AVAILABLE DATA:
((
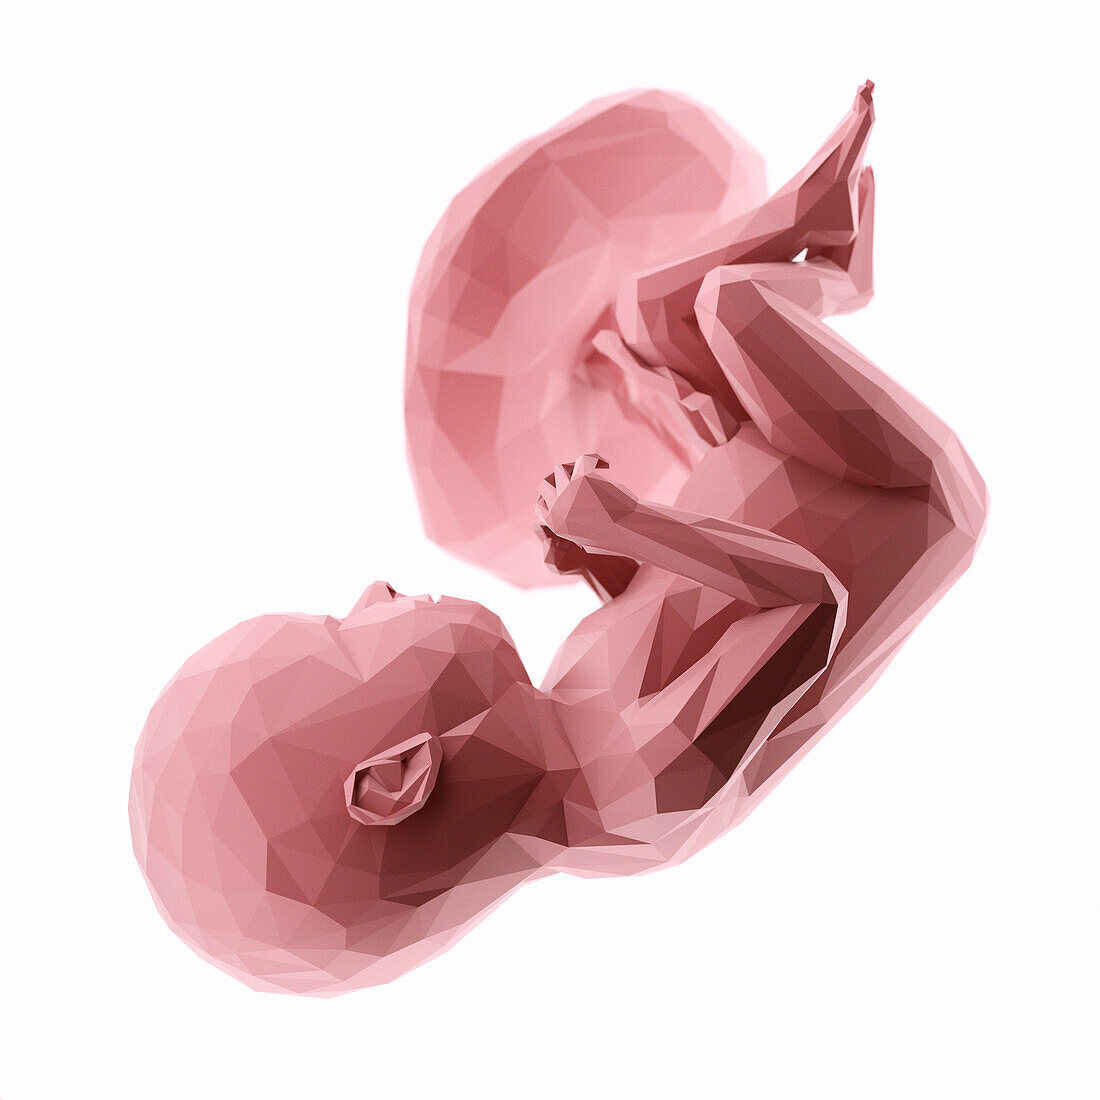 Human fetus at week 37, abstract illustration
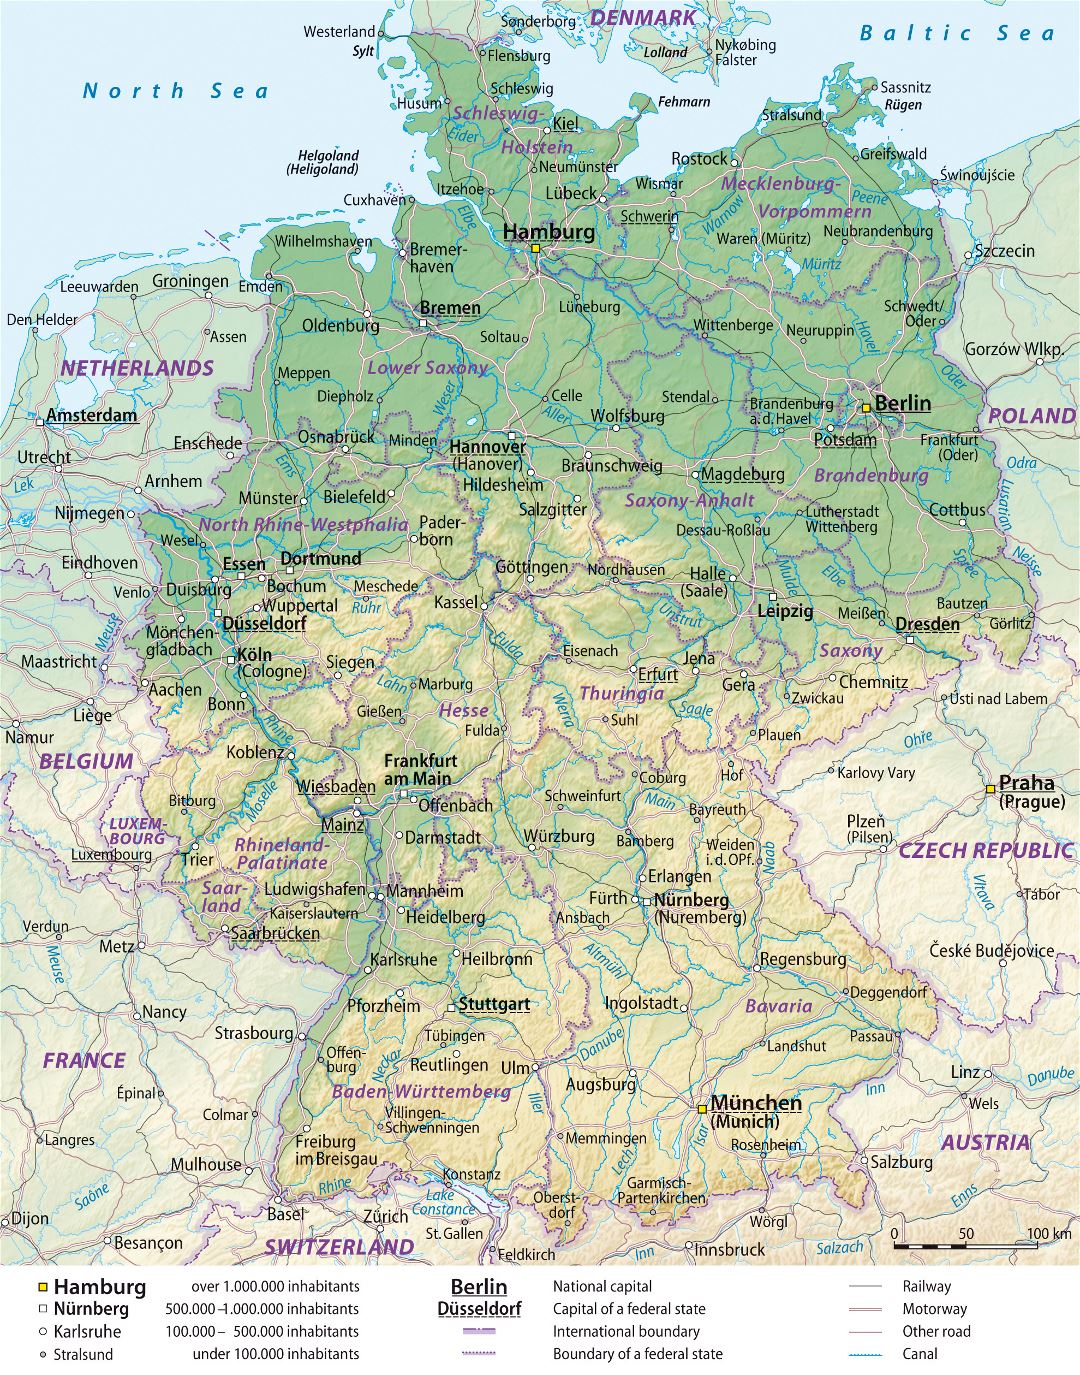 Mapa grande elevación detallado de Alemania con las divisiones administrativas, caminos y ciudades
))
((
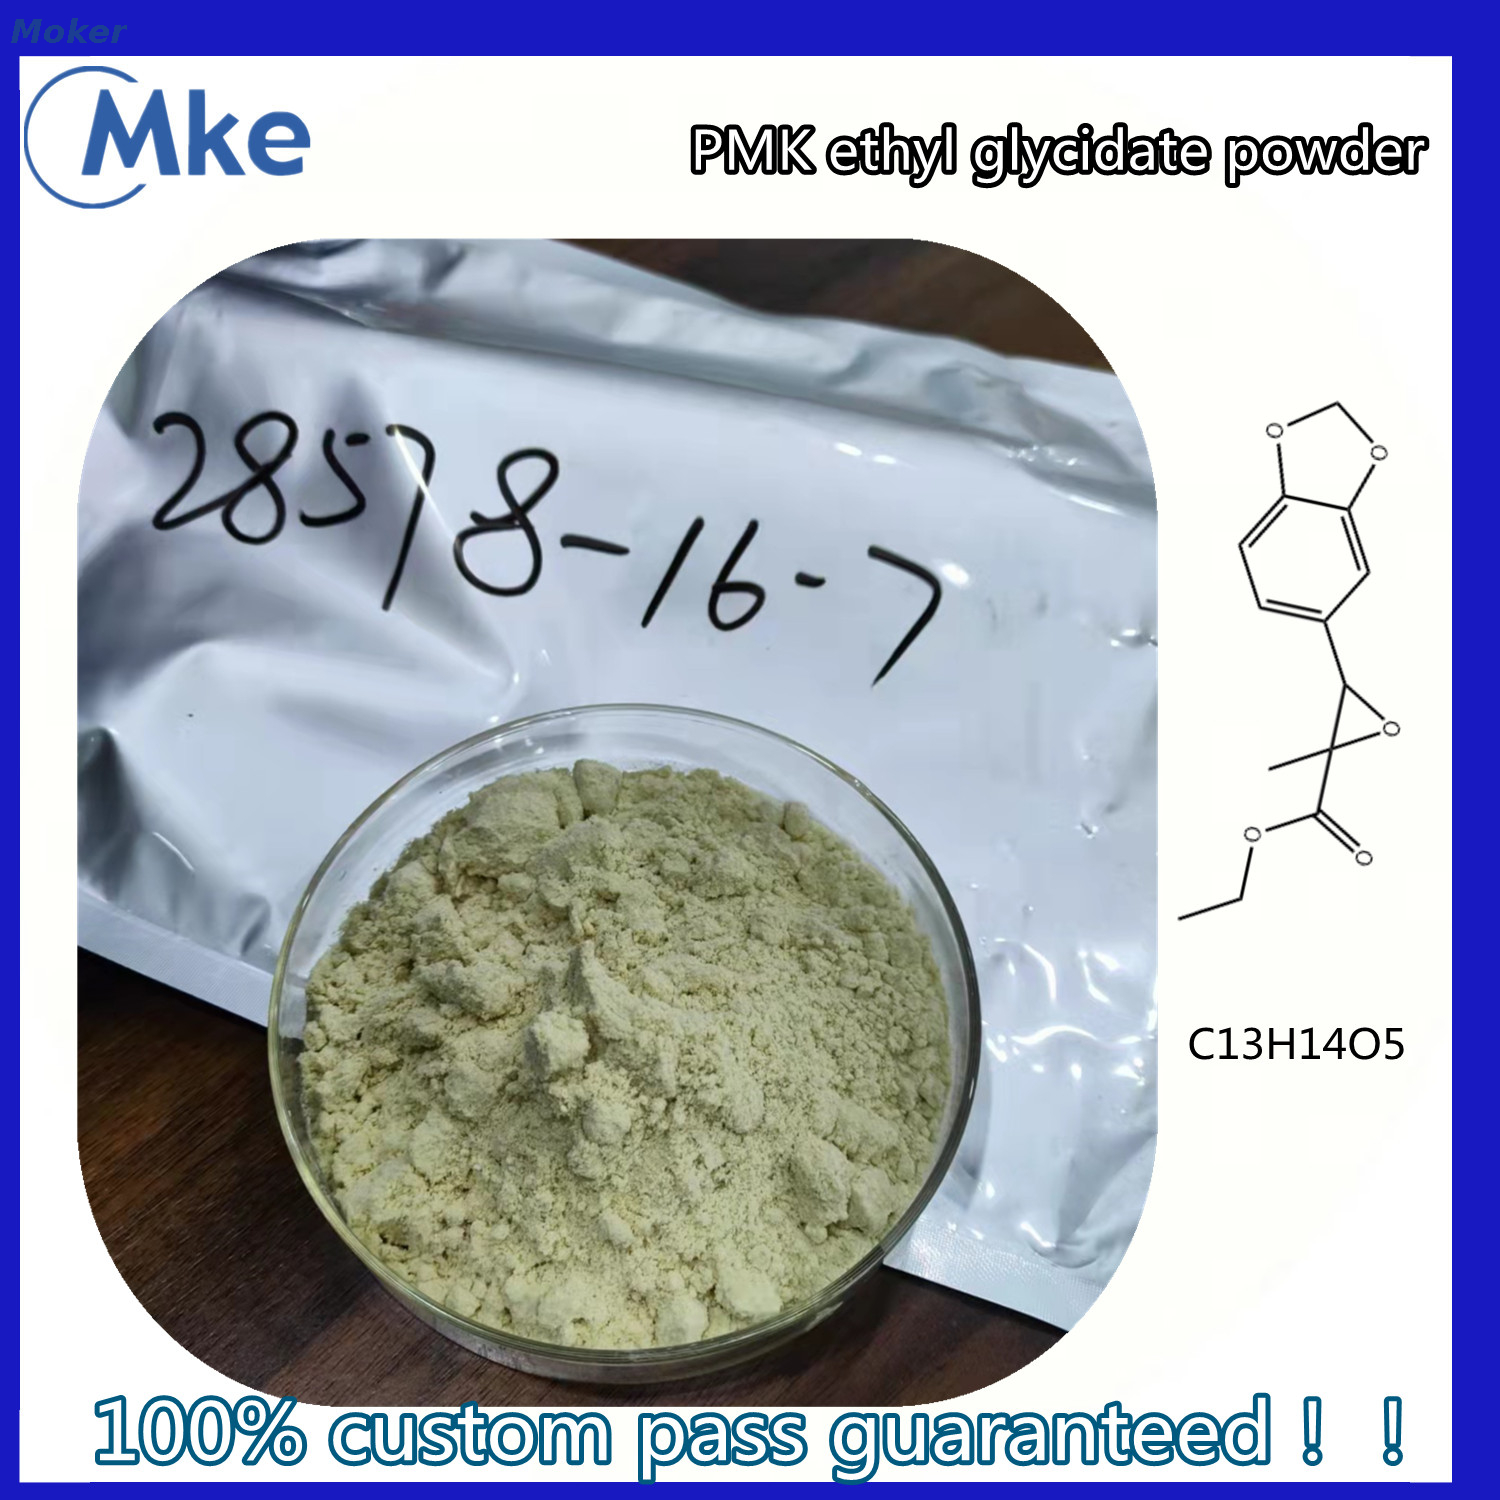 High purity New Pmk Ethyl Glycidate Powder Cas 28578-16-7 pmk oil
))
TASK ITEM:
From the material above, give again exactly the lines from the one that contains "Human fetus at" through the one that contains "Mapa grande elevación", and leave out the pictures.

ANSWER TO THE PROBLEM:
 Human fetus at week 37, abstract illustration
 Mapa grande elevación detallado de Alemania con las divisiones administrativas, caminos y ciudades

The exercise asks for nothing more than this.